6. In a Special Bench decision of this Court reported in -- 'Keshab Chandra v. Lokenath Jena'. AIR 1951 Orissa 186 (C) there are some observations regarding the construction of Section 31-B which are helpful. At pages 32 and 33 of that decision I observed that the main object of s. 31-B was to validate all pre-1938 transfers and place them on the same footing as post-1938 transfers except to the limited extent, of retaining the landlord's right of realising mutation-fee in respect of the former class of transfers. I, however, pointed out that in considering whether the landlord was bound to implead the transferee in rent suits, his knowledge of the transfer was decisive and the giving of notice by registered post was only a mode of apprising him of such transfer and that it was open to a party to show in a particular case that he was made aware of the transfer by other means. It is true that the majority did not accept my view as regards post-1938 transfers. But as regards construction of Section 31-B no dissent was expressed by other Judges and in a later decision reported in 'AIR 1953 Orissa 95 at p 96 (B) Das J. (as he then was) partly relied on my construction of Section 31-B.

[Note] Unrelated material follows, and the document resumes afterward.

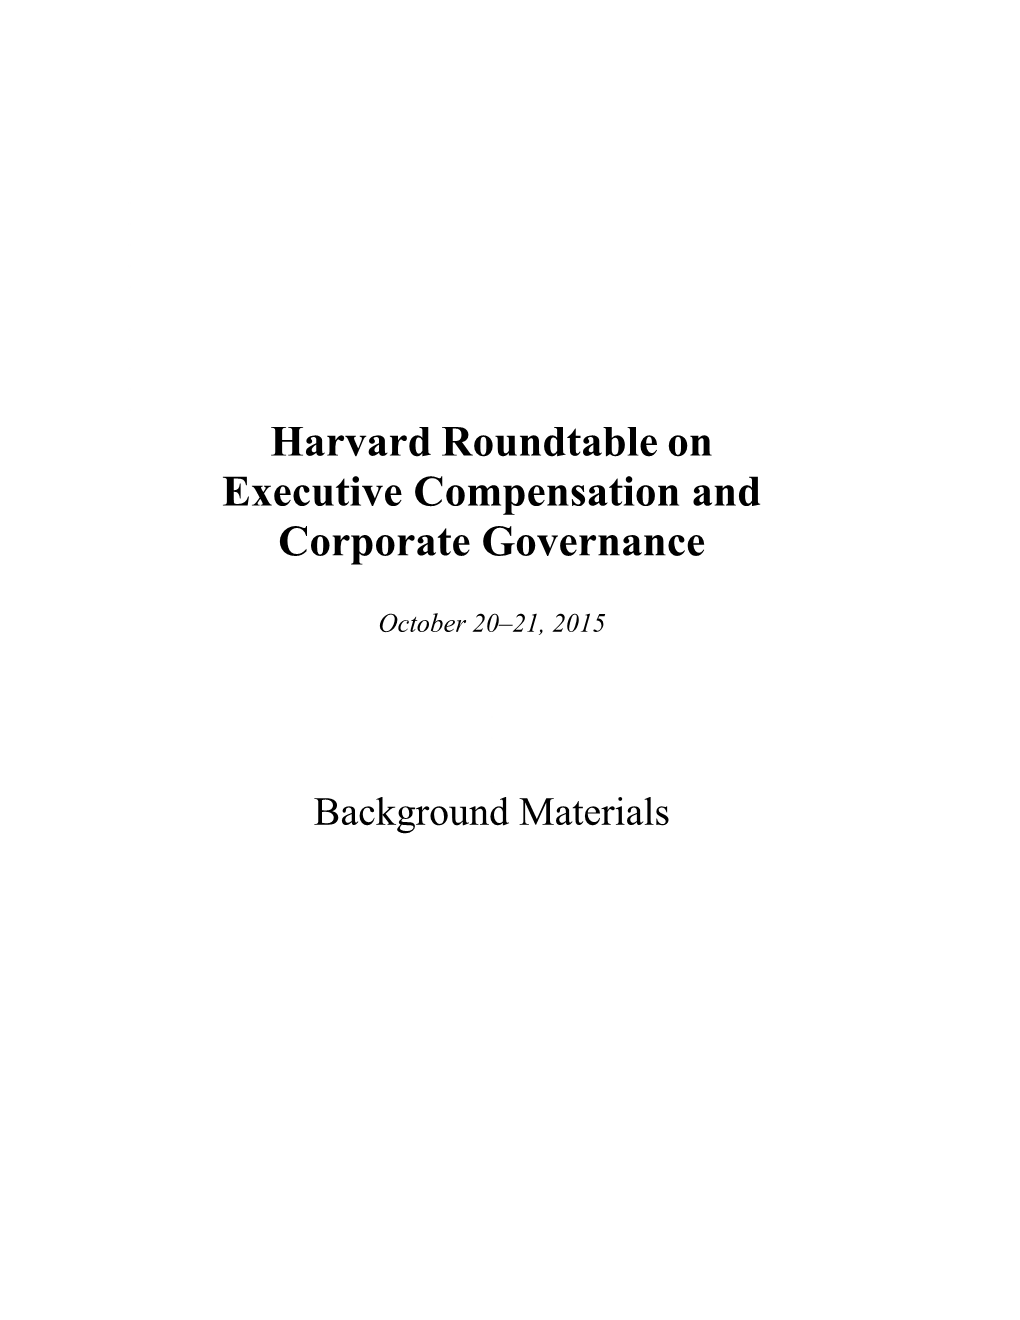 Harvard Roundtable on Executive Compensation and Corporate Governance

7. Mr. Dasgupta then urged that the conduct of the transferee in ignoring the notice (ext 7) sent to him by the landlord in 1941 and thereby allowing the holdings to be brought to sale for arrears of rent would amount to an acquiescence on his part to the representation of the holdings by the recorded tenants and that consequently the holdings were properly represented in the rent sale. In support of this argument he relied on some observations in the judgment of Das J. in 'AIR 1951 Orissa 186 at pp. 211, 212 (C)'. This argument appears to be based partly on a question of fact which cannot be taken up for the first time in a second appeal. The question as to whether the transferee's conduct from 1941 to 1944 would justify an inference that he acquiesced in allowing the holdings to be represented by his transferors in a rent suit was not taken up before the lower Courts nor was all available evidence in support of the same adduced. Mere silence on his part would not necessarily lead to an inference of such acquiescence. It may be that he did not want to pay the mutation-fee unless the landlord actually sued him for the same within the special period of limitation imposed by Section 31-B (1). But that would not take away his right which has been expressly conferred on him by the amending Act of 1938.

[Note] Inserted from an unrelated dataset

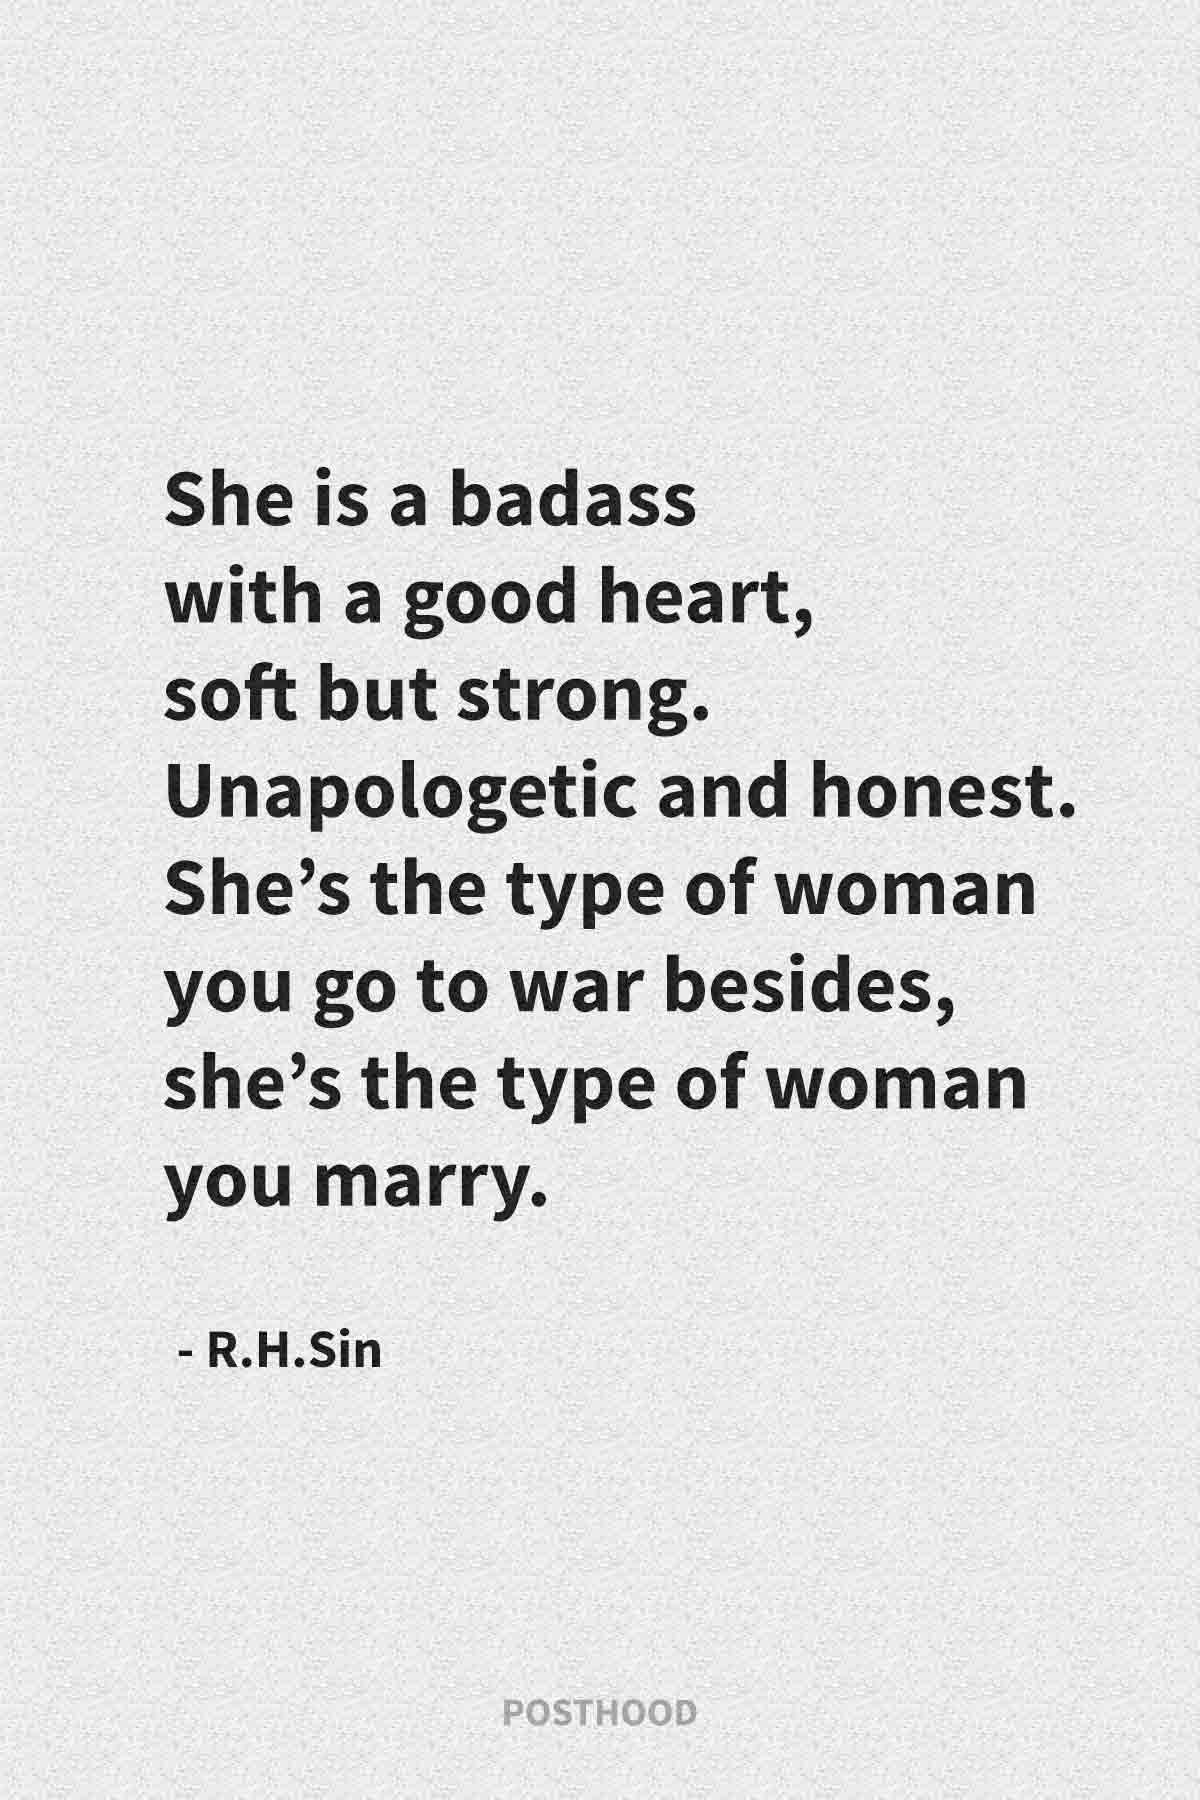 40 inspirational R.H.Sin quotes about strong women. Get a badass attitude when they hurt you and leave you. Best quotes about move on.

Moreover, in view of the knowledge of the transfer on the part of the landlord he might have kept quiet knowing fully well that if any rent suit was brought he would be given due notice. Apart from all these considerations the observations of Das J. in the case cited above are limited to those cases where the creditor's action in failing to im-plead the person really interested was 'bona fide'. Here, however, the 'bona fide' of the landlord is open to grave suspicion because with a clear knowledge of the transfer as early as 1941 he ignored the transferee in the rent suit brought in 1943-44. I am, therefore, not inclined to accept Mr. Das-gupta's argument that the conduct of the transferee from 1941 to 1944 would amount to acquiescence in the transferors representing the holdings in rent suits.
8. For the aforesaid reasons, I would affirm the judgments of both the Courts and dismiss the appeal with costs.